函数（从setTimeout调用）不返回值

Question

I'm learning JavaScript by writing a Chrome extension for a website. The website has a section that displays a list of 4 videos, with a button to load more videos. When you click this button, it loads a new list of videos via an AJAX call.

I have a function, getNextVideo() , which gets the URL of the next video in the list. For example, if you are on the third video, then it'll grab the URL for the fourth video. If you're on the fourth video, then it'll simulate a click (which loads the new list of videos) via a function getNextVideoList() and then grab the first in the newly loaded list after a 1s timeout to wait for the DOM to update (I tried to use mutation observers but it was too complicated for my skill level).

function getNextVideo()
{
    if (getVideoPosition() == 4)
    {

        function ad()
        {
            getVideo(1);
        }

        setTimeout(ad, 1000);

        getNextVideoList();
    }
    else
    {
        var index = getVideoPosition() + 1;
        return getVideo(index);
    }
}

getVideoPosition() gets the index of the video in the list using some simple jQuery nth-child selectors. It returns the values 1 , 2 , 3 , or 4 .

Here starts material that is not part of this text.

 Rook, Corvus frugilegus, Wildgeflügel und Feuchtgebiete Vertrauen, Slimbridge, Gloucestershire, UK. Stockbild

getVideo(n) takes the index of the video (1, 2, 3, or 4) and returns the URL of that video. The returned value looks like this in the console: "http://video.example.com/video-id"

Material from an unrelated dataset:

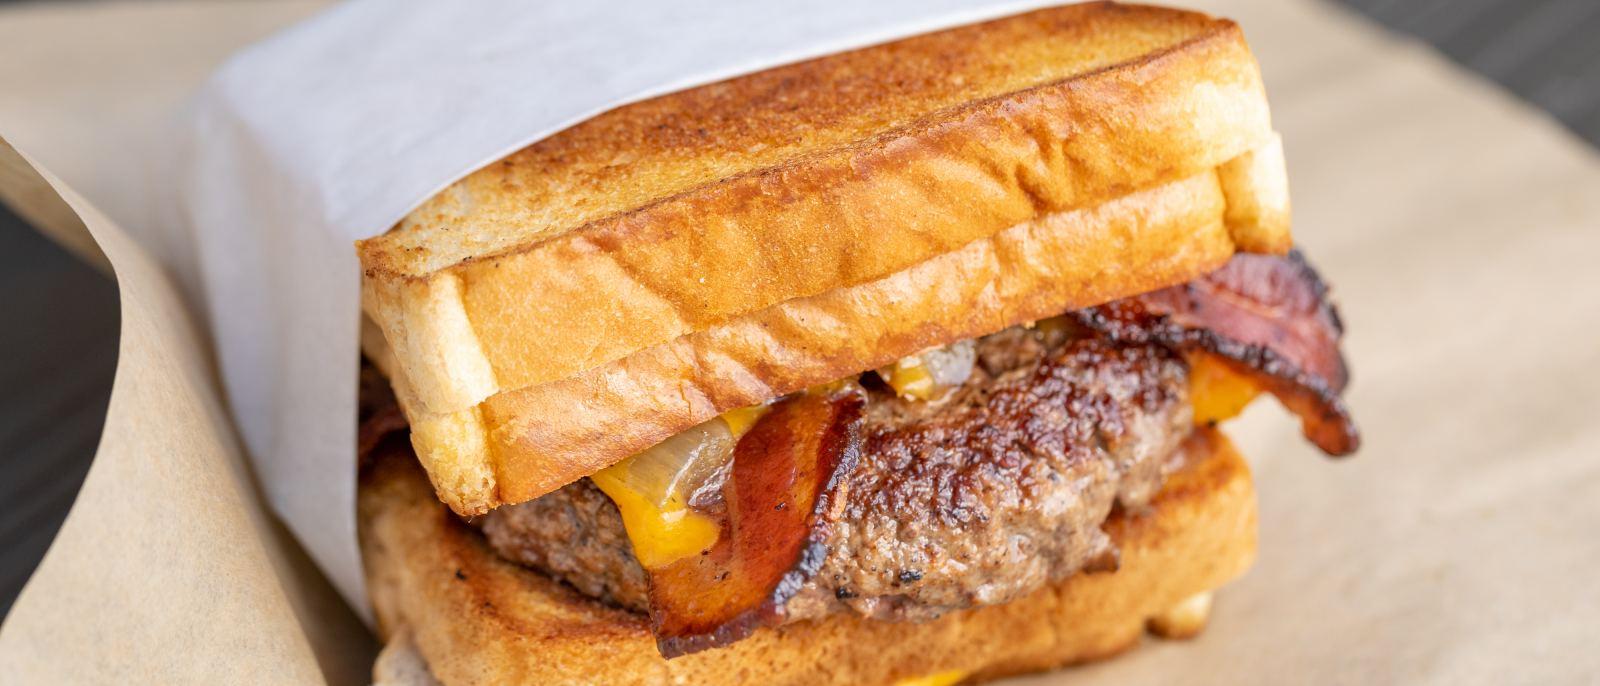 Behemoth Burger at Grill 'Em All in Alhambra

My problem is that when I run getNextVideo() on a video that is 4th in the queue, I get undefined returned in my console. How do I make the getNextVideo() function return the URL of the first video in the list after the AJAX call and subsequent DOM update?

Answer 1

This is because getNextVideo() doesn't have a return value when getVideoPosition() == 4 . No return value shows up as undefined .

If you look at your code, there's no return inside the if (getVideoPosition() == 4) block. When there's no return from a function, the return value is undefined . If you want there to be a return value, then you have to add a return statement. Note, the function called by setTimeout() gets executed AFTER getNextVideo() has already returned so it can't participate in setting the return value.

If you really want to use asynchronous programming with setTimeout() (I'm not sure why you're doing that in the first place), then you will have to switch to an asynchronous programming model which means you won't use a return value from getNextVideo() at all, but will call a callback when it's done with the next value. That callback can be executed asynchronously from within the setTimeout() . But, I don't know why you're even using setTimeout() in the first place so I don't know if that extra complication is the best choice or not. If you got rid of the asynchronous setTimeout() then you could just return a value normally from that arm of getNextVideo() too.

Answer 2

As far as my understanding to your code you are transferring control from your function "getNextVideo" to setTimeOut callback when condition occur.
Actual duty of your "getNextVideo" function is to "return getVideo(index);"

is it possible if you do your code like this.

        if (getVideoPosition() == 4)
{
    function ad()
    {
        getNextVideo(true);
    }
    setTimeout(ad, 1000);
    getNextVideoList();
}


function getNextVideo(isFirst)
{
    var index = isFirst==true?1:getVideoPosition() + 1;
    return getVideo(index);
}